The Brave and the Bold Vol. 1  #187

"Batman and the Metal Men: Whatever Happened to What's 'Ername"

Charlie Boatner/Jim Aparo

June 1982

I first read Brave and Bold more than 35 years ago, but still have oddly clear memories of it. In particular, there's one panel that stayed with me. Batman leans over Tina, aka Platinum, one of the robot Metal Men, who's been badly injured by a supervillain attack. Fire laps around her. "Do real people forget like that, Batman?" she asks. "Was I just a silly platinum doll? Hold me." To which Batman silently replies in a thought bubble. "I can't, Tina! Platinum metal is… too heavy!"

It's a weirdly touching moment, in part because the pathos is so goofy and awkward. The wonderful Jim Aparo draws Tina in a half-sitting position, but you can't really see what she's sitting on, while Batman holds her hand in vain. Even though the image is fairly small and Batman's wearing a mask, Aparo manages to give Batman a furrowed brow that suggests real distress.

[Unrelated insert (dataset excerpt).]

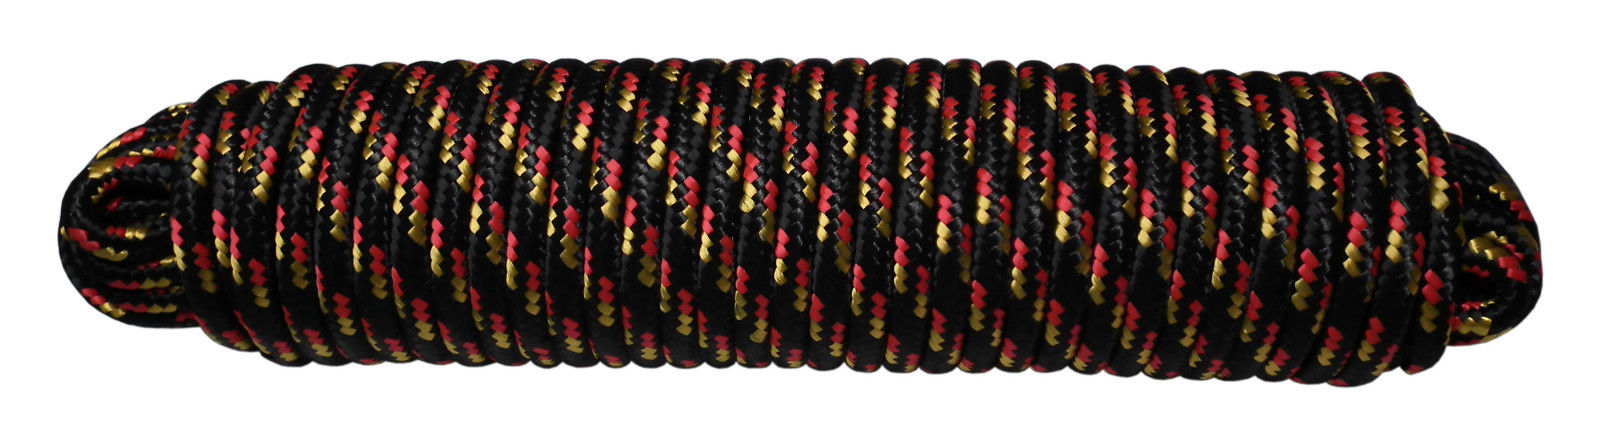 Polypropylene Rope 30M - Black
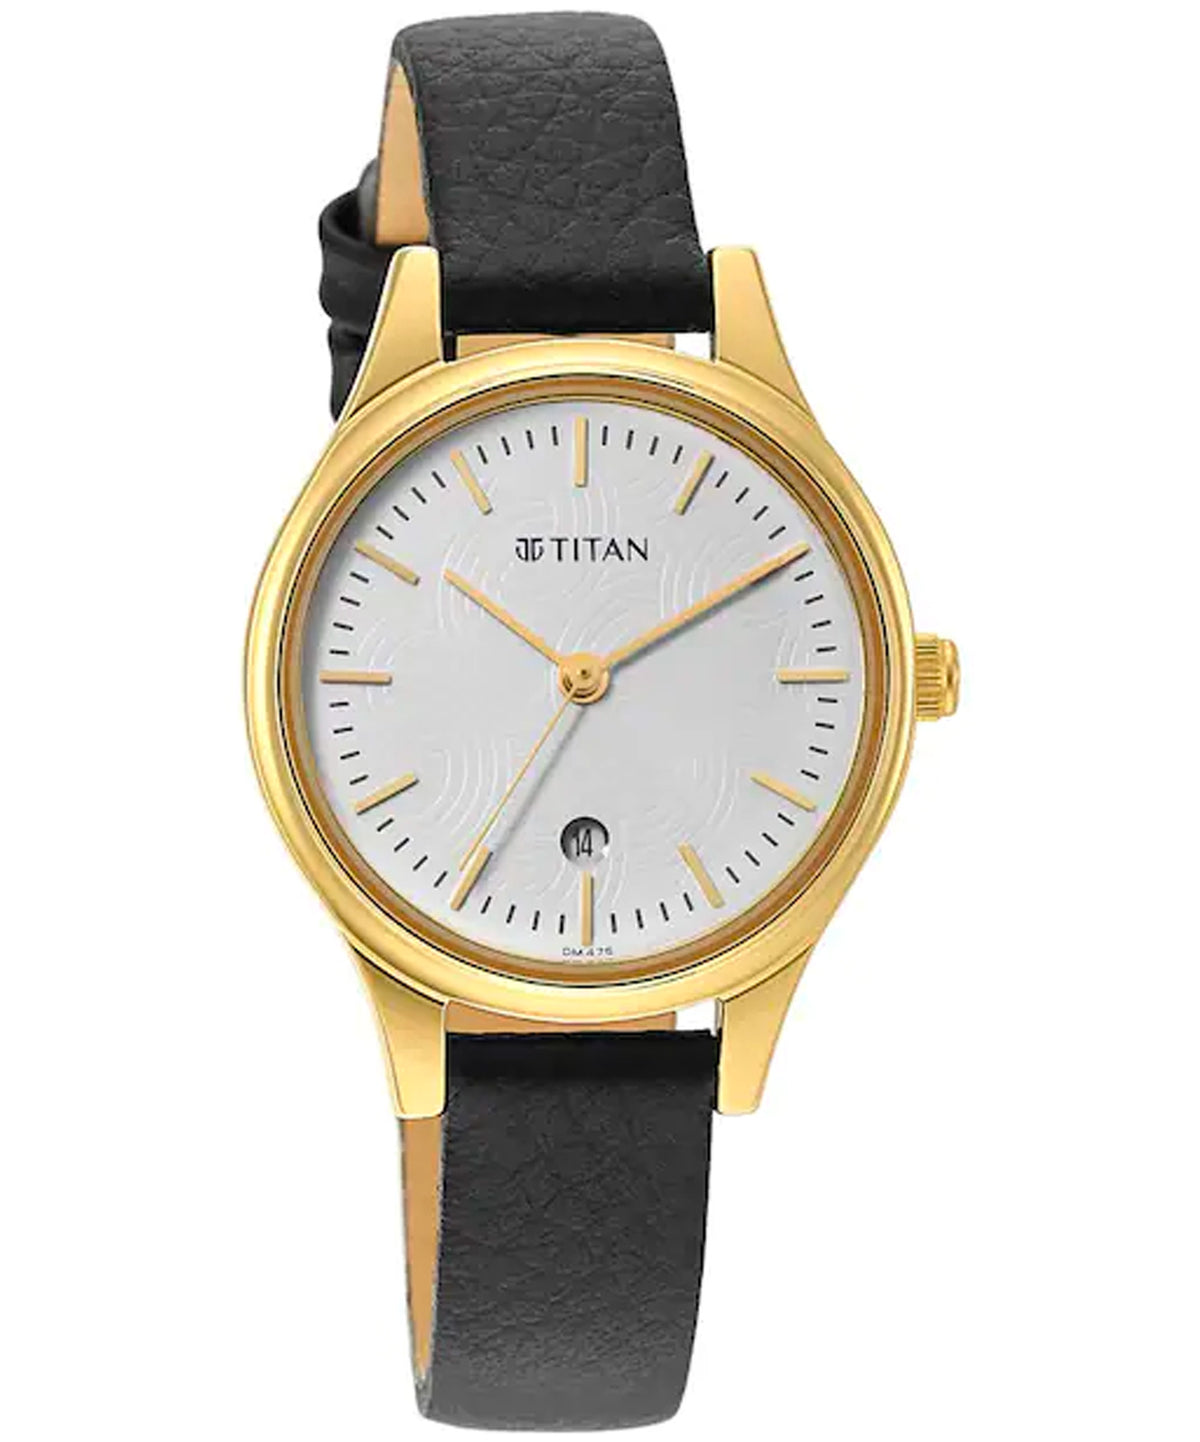 Titan Women's Watch White Dial Black Leather Strap Watch, 2679YL01

And of course, there's the dialogue, in which Batman helpfully explains the properties of platinum to the young reader, while regretting that he can't help his dying friend. Comics; they are sad… and educational!

That image sums up the rest of the issue, in both its pathos and callousness. The comic is, like the cover says, a team-up between Batman and the Metal Men. The Metal Men are a group of shape-changing robots constructed by a scientist named Doc Magnus, who built them out of various metals: Gold, Lead, Platinum, Iron, Mercury, and Tin.

In this story, the Metal Men are attacked by a number of their former enemies (like the Gas Gang). These old foes claim to be out to revenge Nameless. The Metal Men don't remember who Nameless is, but Batman does; she was a female robot created by Tin to be his companion. She disappeared shortly after a number of Metal Women created by Magnus fell into a lava pit and died.

It turns out that Doc Magnus tried to destroy Nameless. Badly injured, she ran away, and fell into the pit where the Metal Women had disappeared. There she met Platinum Man (the one male Metal Woman) and the two of them repaired each other. Platinum Man fell in love with Nameless, and determined to get revenge on Magnus by killing him and the Metal Men.

Magnus programmed the Metal Men to forget Nameless existed. But Batman intervenes, allowing the robots to remember. Platinum attacks again, but Nameless returns and tells him to stop attacking her friends. Then Tin and Nameless marry… but seconds later a bomb goes off, and Nameless sacrifices herself to save Batman, Magnus and the Metal Men. Tin looks off wistfully crying, and that's the end.

As a kid when I first read this, I found the story unsettling and unsatisfying. And in retrospect, I had good reason. The Metal Men in the narrative are positioned as a metaphor for marginalized people. When Batman first sees a Metal Man—Iron—on the first page of the book, he's careful to explain that while the Metal Men aren't actually human, "They're real heroes—better than a lot of people!" When Doc Magnus says he's pleased that the Metal Women were all killed, Batman is horrified.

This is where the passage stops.